However this optimisation is left as an optional callback on this lab.

Implementation guide

If you want to follow the Senior track of this lab, start implementing your own custom solution without reading this section. Skip to the Senior track section for instructions.

We represent words of a sentence with the String data type, and sentences as lists of Words:

type Word = String
type Sentence = List[Word]

src/main/scala/anagrams/Anagrams.scala

The tree type is already defined for you insrc/main/scala/cs214/AnagramsTree.scala:

/** An `AnagramsTree` is a compact tree representation of a collection of
  * anagrams
  */
type AnagramsTree = List[Branch]

src/main/scala/cs214/AnagramsTree.scala

/** A branch represents a (subpart) of a sentence of anagrams */
case class Branch(val headWords: EquivalenceClass, val suffixes: this.AnagramsTree)

Can you construct the following tree in code ?

Solution

val tree: AnagramsTree = List(
  Branch(Set("a"), Nil),
  Branch(Set("bc", "cb"), List(
    Branch(Set("de", "ed"), Nil),
    Branch(Set("f"), Nil)))
)

The code representation of trees is not very readable for us humans, that’s why we would like to better visualize it in some way.

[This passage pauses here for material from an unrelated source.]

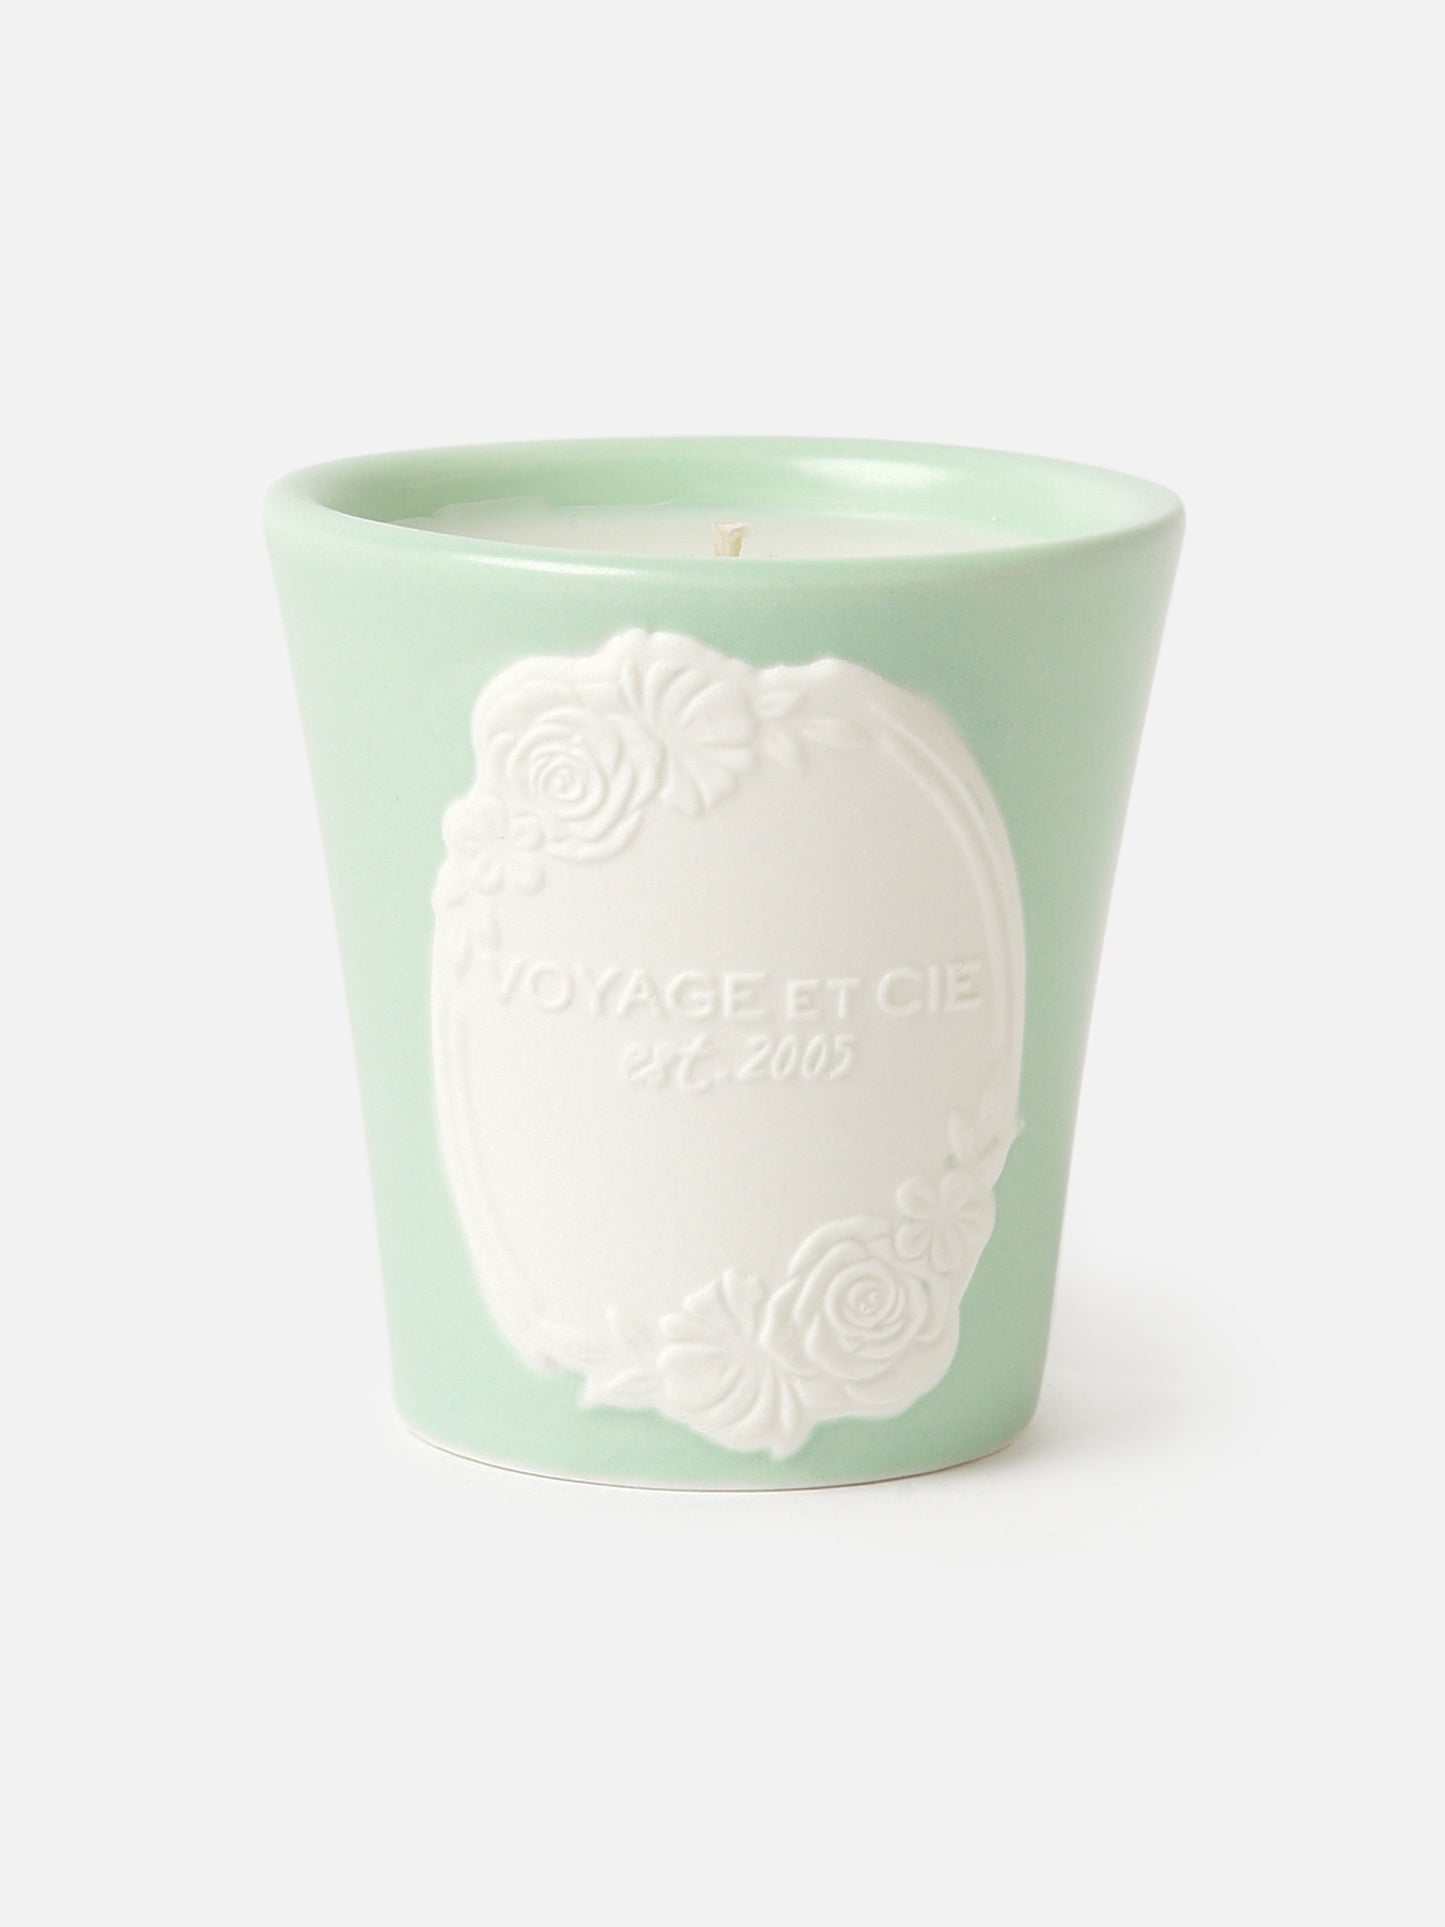 Voyage Et Cie Cameo Collection Candle

The AnagramsTree.show function takes care of that. It follows the format of the tree UNIX command. The above tree would be displayed as follows:

.
├── a
└── {bc, cb}
    ├── {de, ed}
    └── f

Canonicalization

To find anagrams of a single word, we could simply go through the whole word list and check for each entry whether it is an anagram of our input word. Unfortunately, this is not very efficient: we would need to scan the whole word list every time.

Instead, we will use a simple and very useful trick called canonicalization. Canonicalization is the process by which we translate multiple equivalent inputs (such as the words “eat” and “tea”) to a unique canonical representation, which we can then use to check equivalence quickly.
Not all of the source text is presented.